So off we went with two identical versions, built with this so that the standard non-SSE likelihood calculator is used for division in single-precision. I know there are more threads on the Phi, but I wanted to see some quick comparisons, also because this is an MPI code it is not well suited to the highly threaded architecture on the Phi card so more threads actually make this way worse.

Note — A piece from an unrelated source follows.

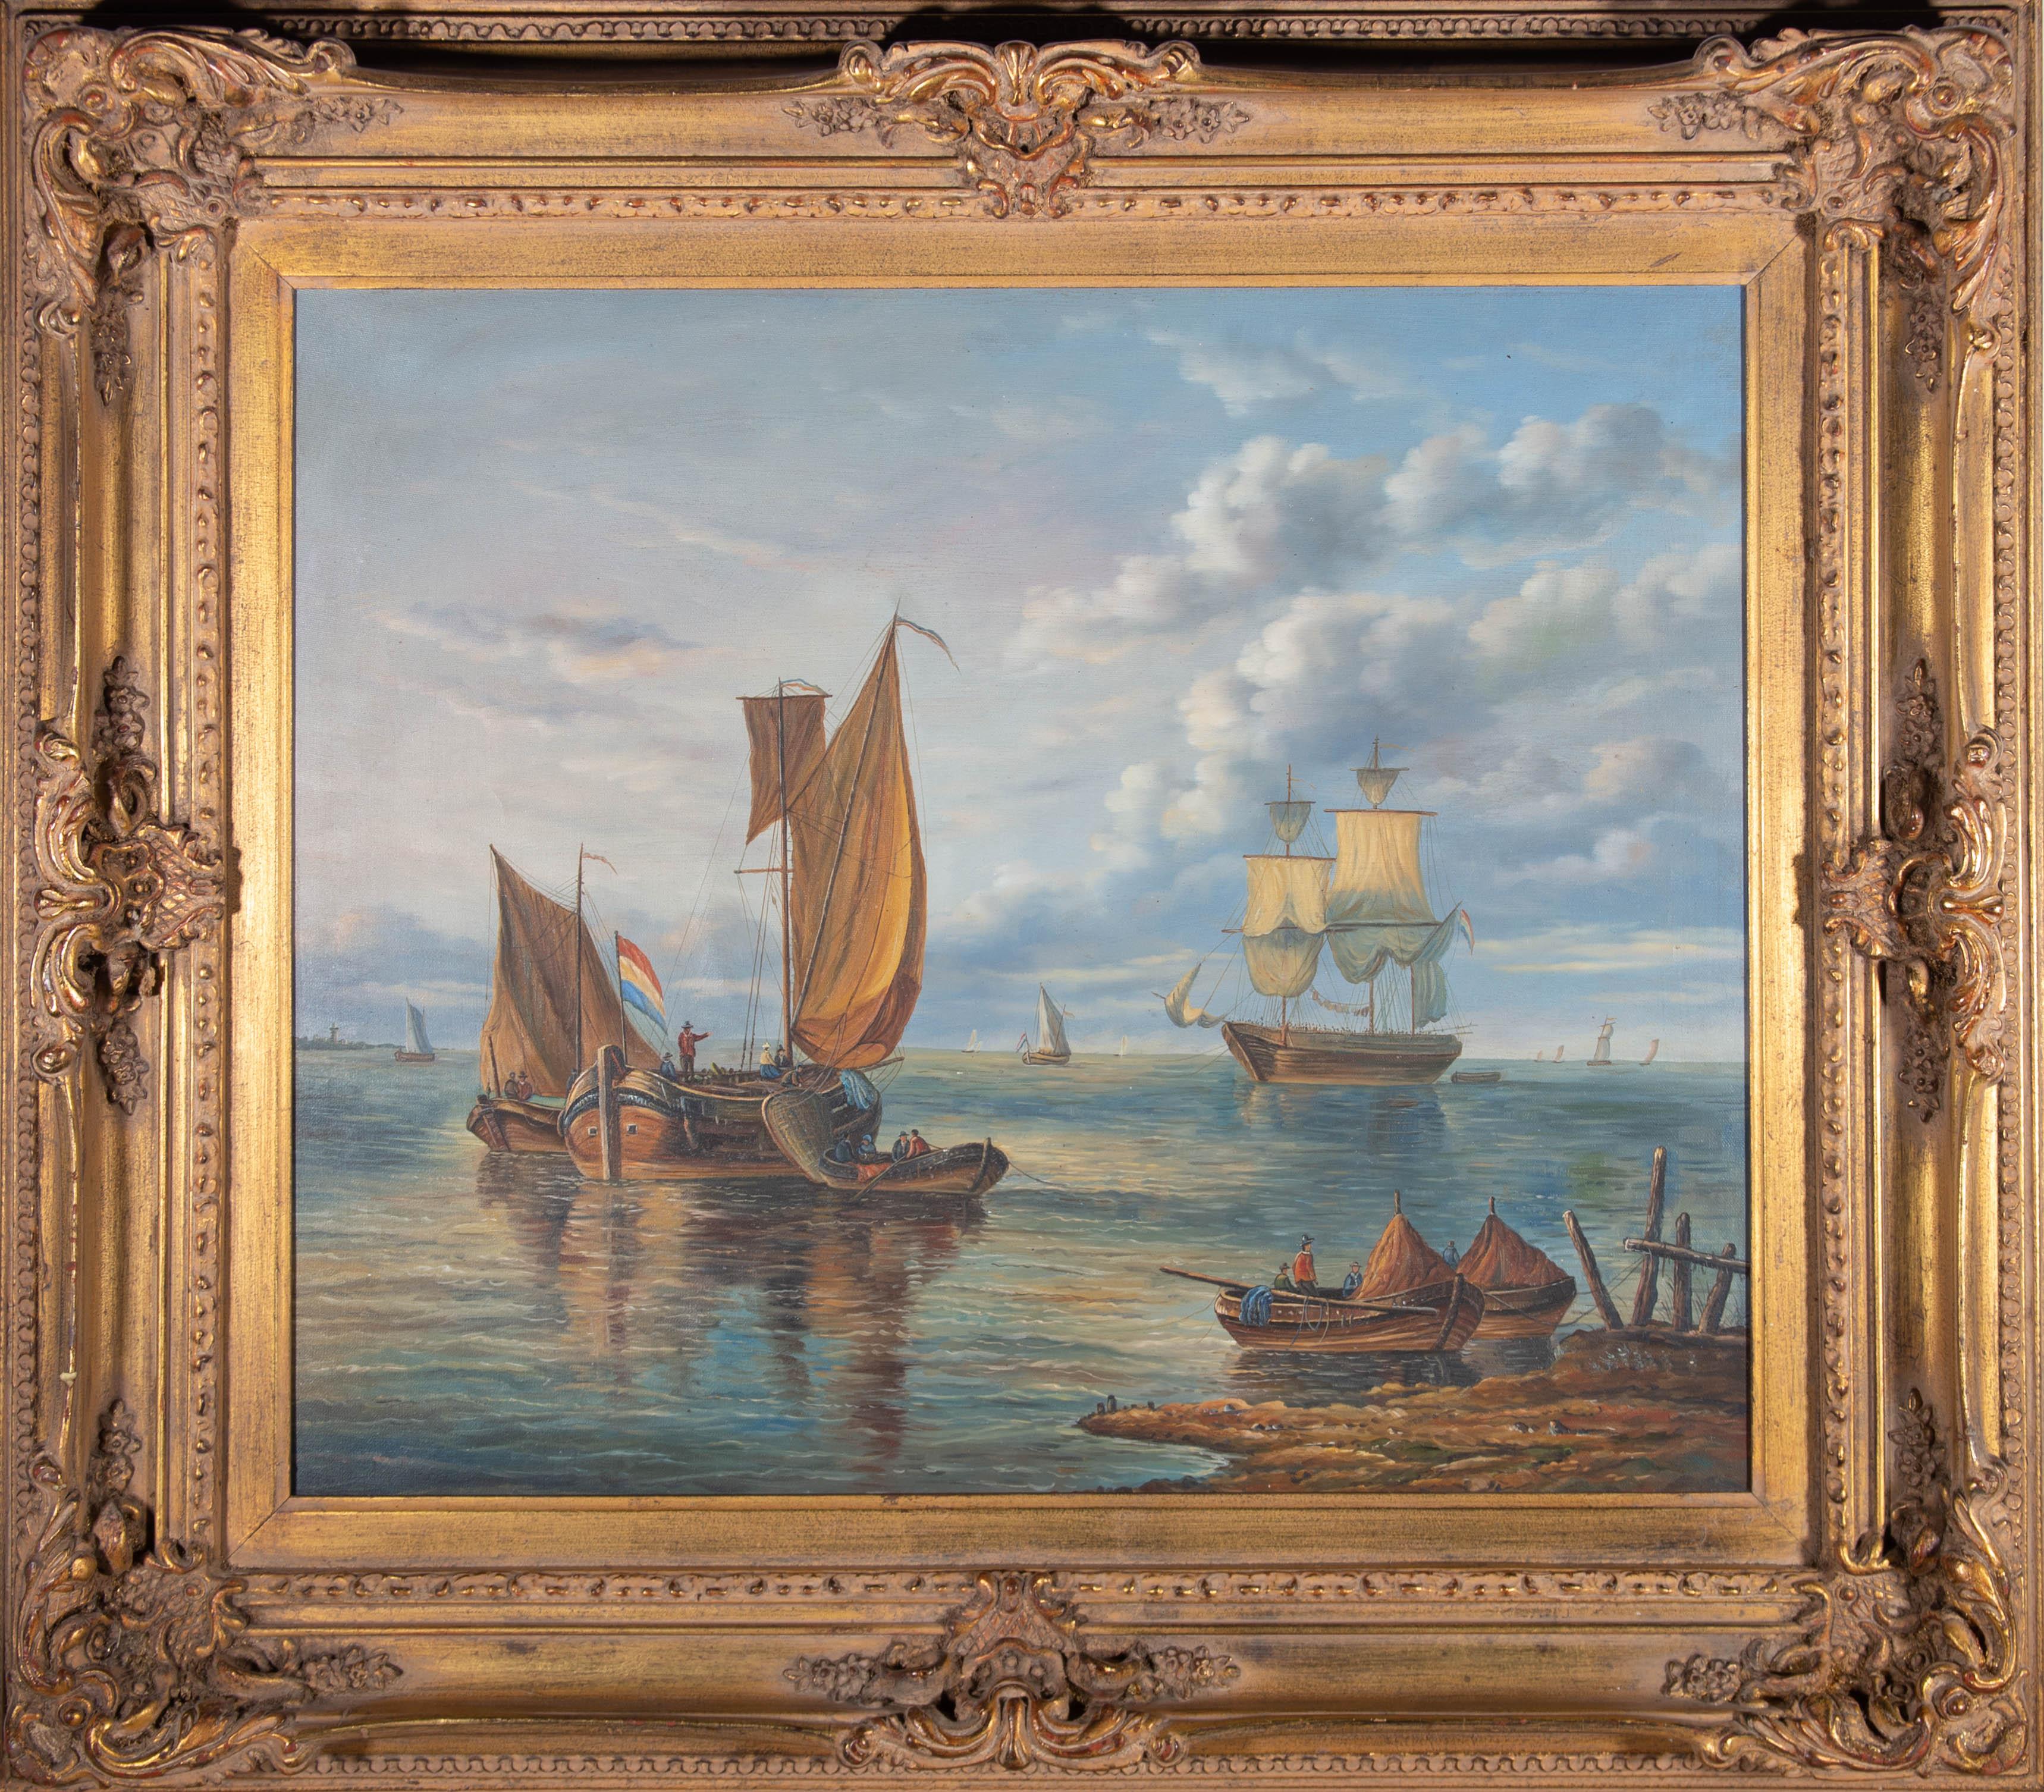 Unknown Figurative Painting - 20th Century Oil - Dutch Barges and a Brig Schooner

Anyway off we go:
[jcuff@phi src]$ ./configure --enable-mpi=yes --with-beagle=no --enable-sse=no
Some slight runtime issues, the two socket managed between 3:25 and 2:51 mins, but the Phi made for one 1 hour 11 mins...
[jcuff@box0 examples]$ mpirun -np 16 ../mb.x86 sceloporus.nex 

Gave:
       10000 -- (-12413.627) [...15 remote chains...] -- 0:03:35 (no sse)
       10000 -- (-12416.929) [...15 remote chains...] -- 0:02:51 (with sse)

[jcuff@mic0 examples]$ mpirun -np 16 ../mb.phi sceloporus.nex 

Gave:
       10000 -- (-12375.516) [...15 remote chains...] -- 1:11:42 (no sse)

Now I know "I'M DOING THIS WRONG(tm)" - this is why blogs have comments ;-)

However, first off it is just not that simple to get a native version of a complex code running, and I know there are many ways to speed up code on the Phi, it is after all a very different architecture. I wondered how our researchers would do this, they are life scientists and generally go after algorithms that work out of the box so they can get on with the rest of their day jobs. I'm seeing a 23x issue here - this was too much of a gap for someone of my limited skills to manage.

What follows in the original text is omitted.